How XML deals with different character sets |
It is possible (and preferable) to specify the encoding of an XML document in the XML declaration, e.g.
<?xml version="1.0" encoding="iso-8859-1"?>
You will notice that many XML documents do not contain any encoding information. In fact the XML declaration itself is optional.
According to the XML 1.0 specification, all processors are required to automatically support (and detect) the UTF-8 and UTF-16 encodings.
UTF-8 and UTF-16 are forms of Unicode. If you use one of these two encodings when saving your documents, you don't need to specify the encoding of the document as the encoding will be automatically recognized by the XML processor.
This automatic recognition is due to the BOM (Byte Order Mark) at the beginning of your file which can be seen if you view the file as binary in a Hex Editor such as in the screenshot below.
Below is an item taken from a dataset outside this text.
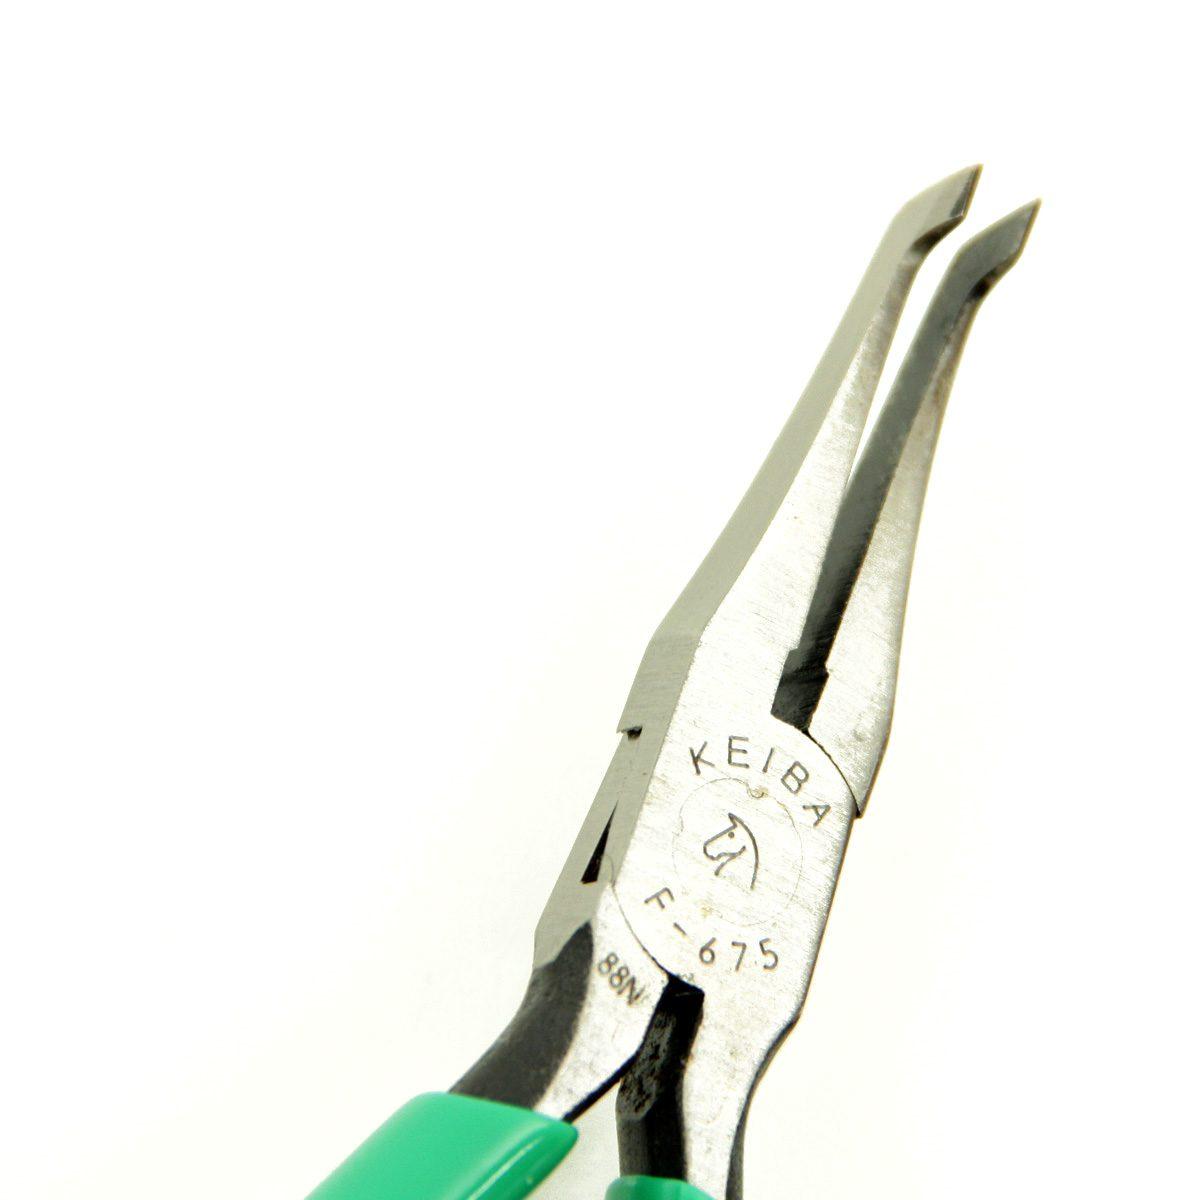 keiba flat bent nose pliers 1

0xFF 0xFE = UTF-16 little endian/Unicode
0xFE 0xFF = UTF-16 big endian
0xEF 0xBB 0xBF = UTF-8
If this BOM is missing from the beginning of your file then Catalyst will always treat your file as ANSI.
If this happens then your file will be extracted from the TTK with an ANSI encoding. To avoid this you must resave the file as UTF-8 or Unicode in Notepad.
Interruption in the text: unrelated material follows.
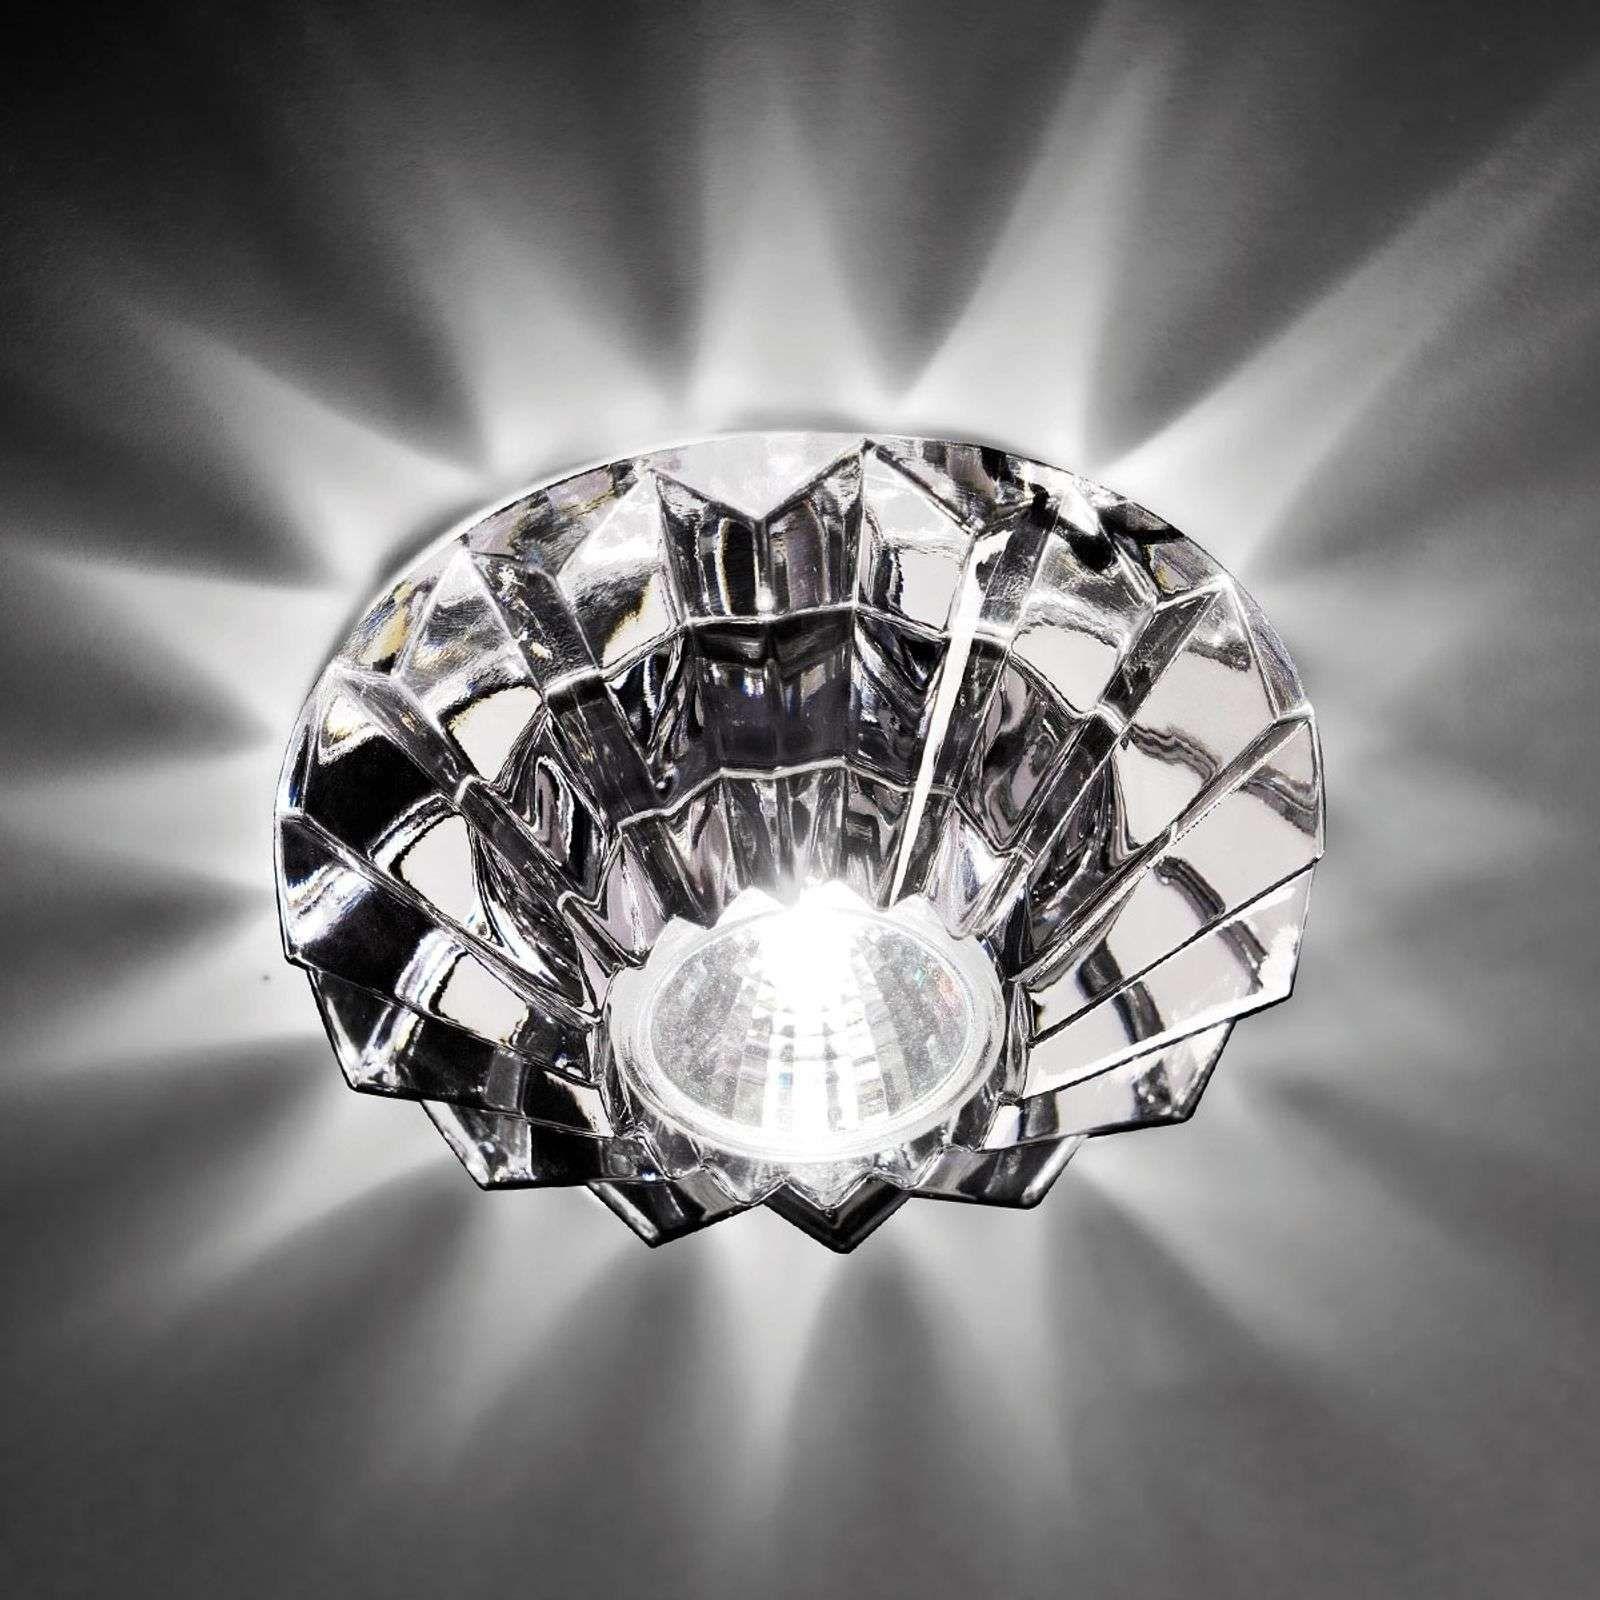 Inbouwmaat Spotjes Inbouwspots Inbouwdiepte 15 Mm 12 Volt Inbouwspots Inbouwspots Led Led Spots Philips Dimbaar In 2020 Spotjes Binnenverlichting Lampen24

If you type an XML document into Notepad, you can choose from one of several supported character encodings including ANSI, UTF-8, or UTF-16.
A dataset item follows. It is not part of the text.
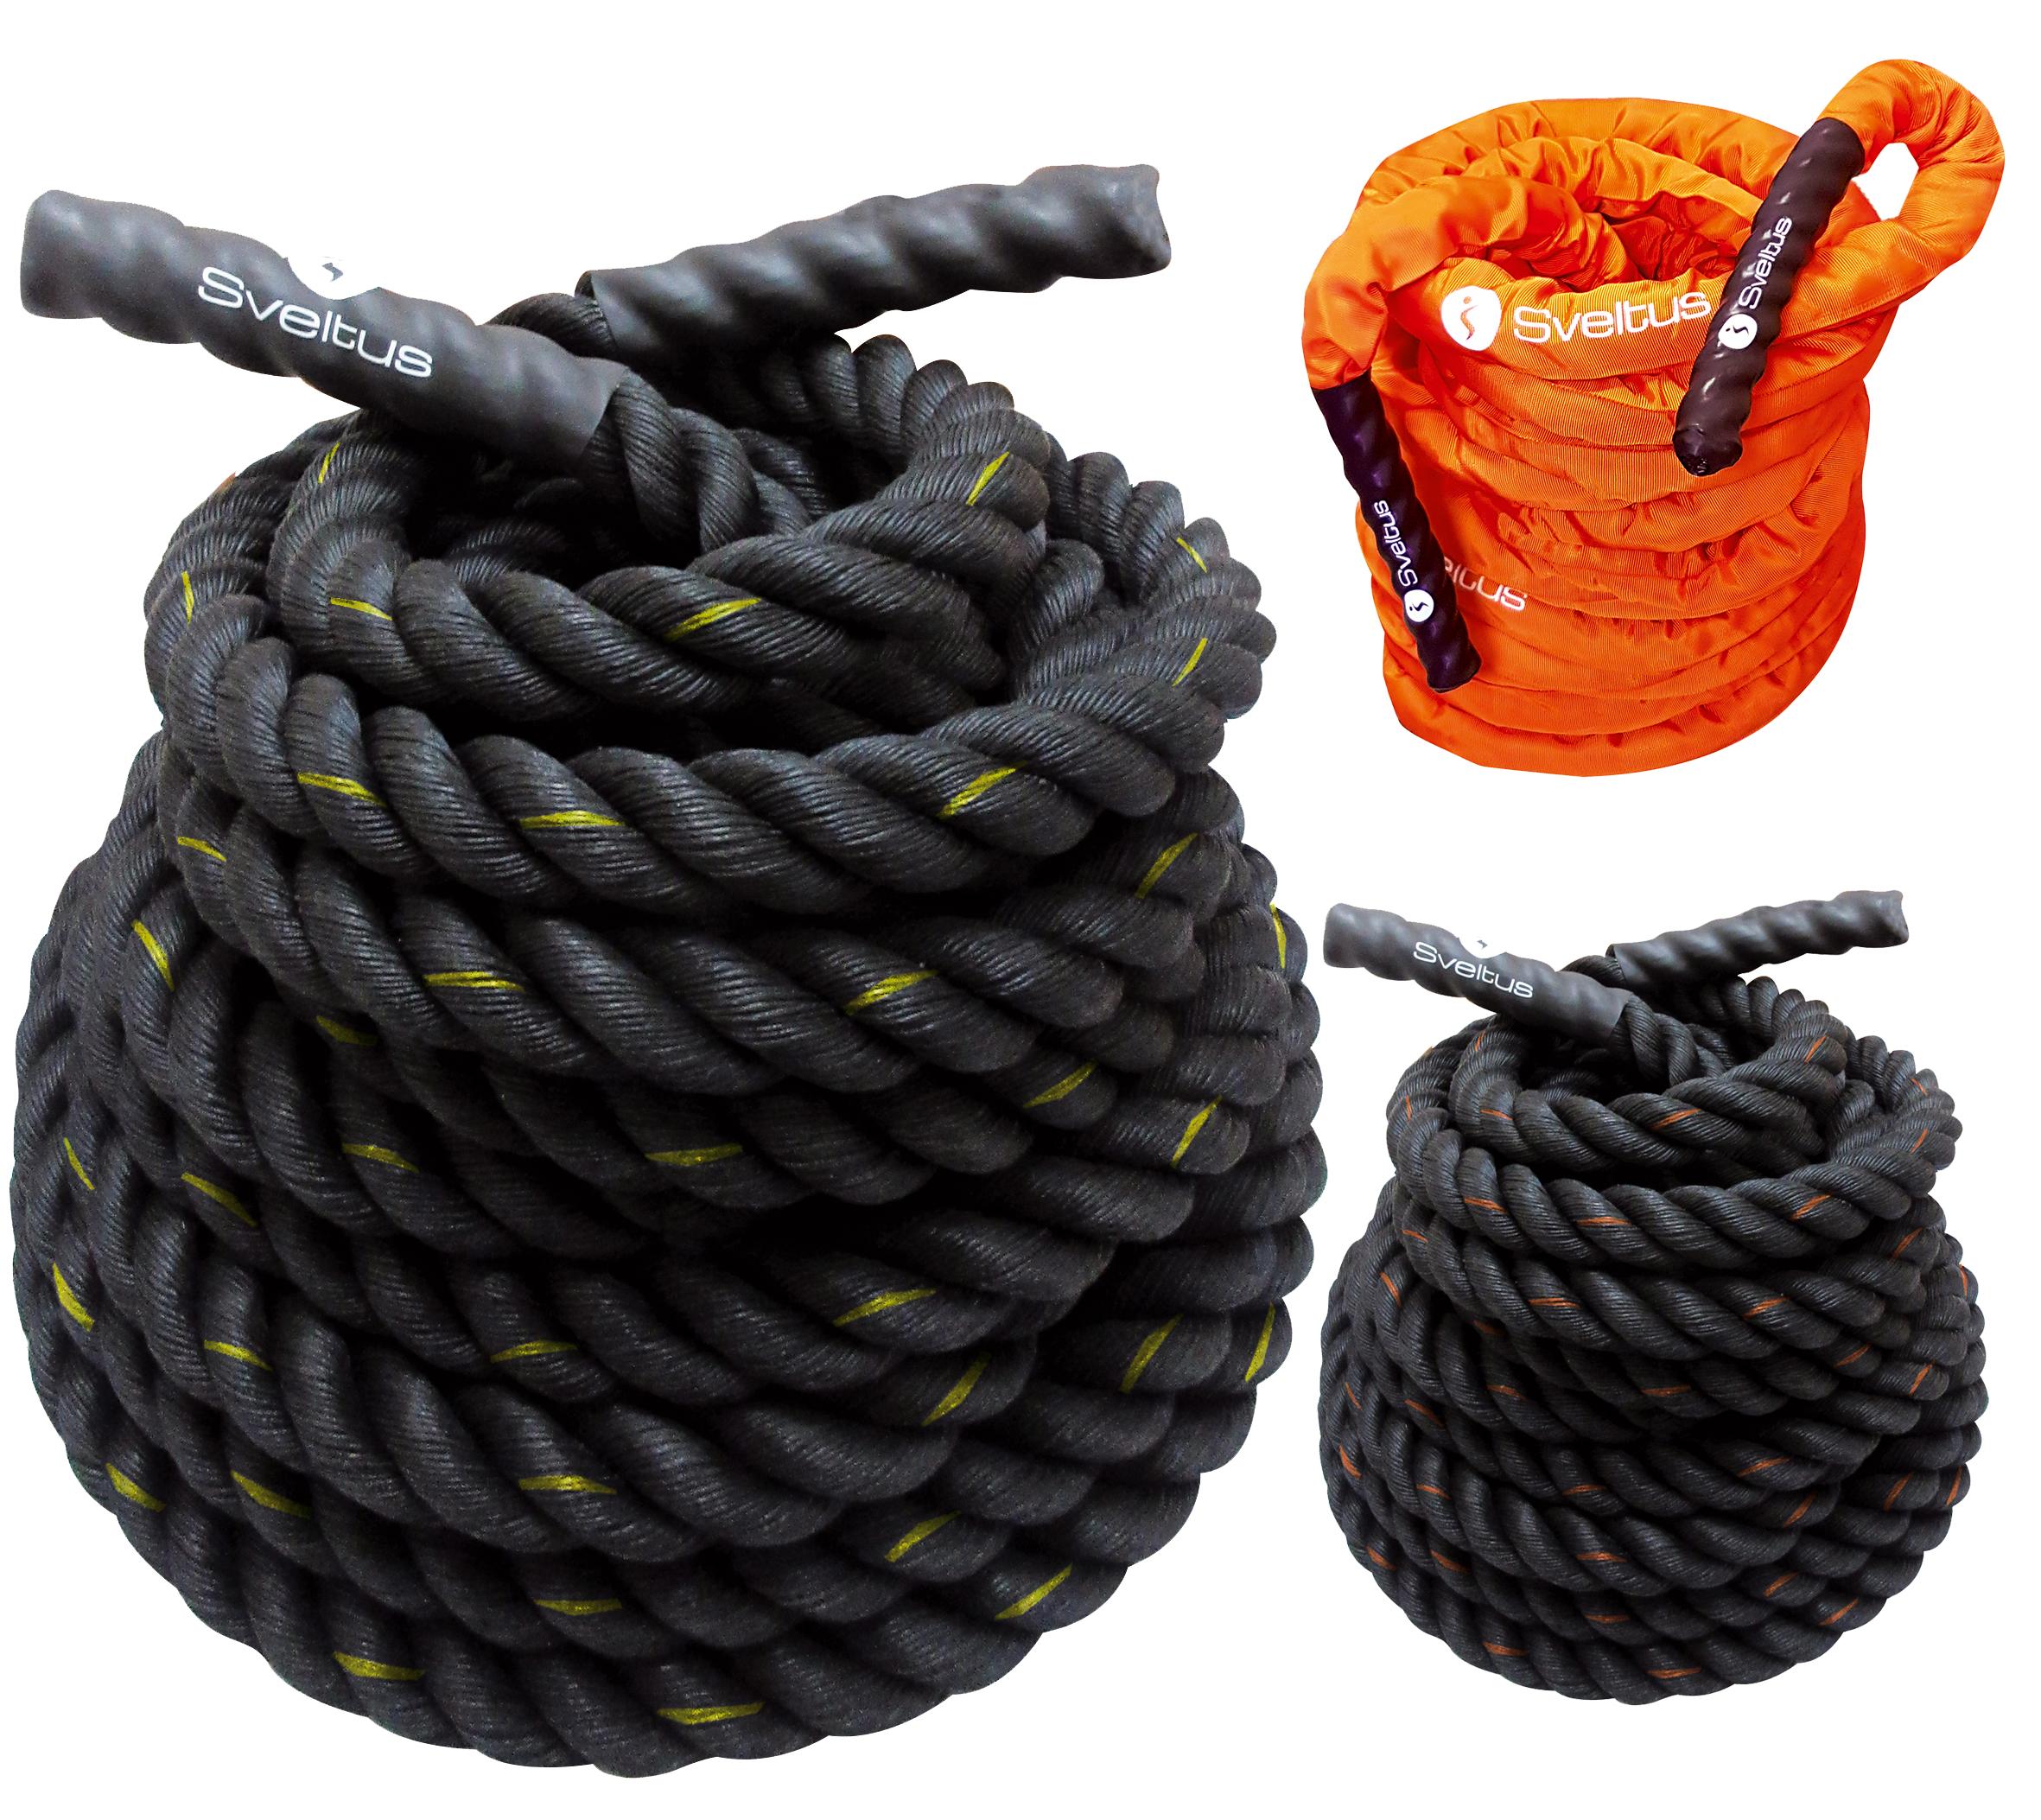 Battle ropes Sveltus

If you save an XML file using an encoding other than UTF-8/UTF-16, then you must use an XML declaration to specify the actual encoding used.
Examples of correctly specified character encoding in an XML declaration is shown below.
<?xml version="1.0" encoding="windows-1252"?>
<?xml version="1.0" encoding="ISO-8859-1"?>
Depending on the Target Language in your TTK you will be required to specify different character encodings in Catalyst in order to display extended and double byte characters correctly.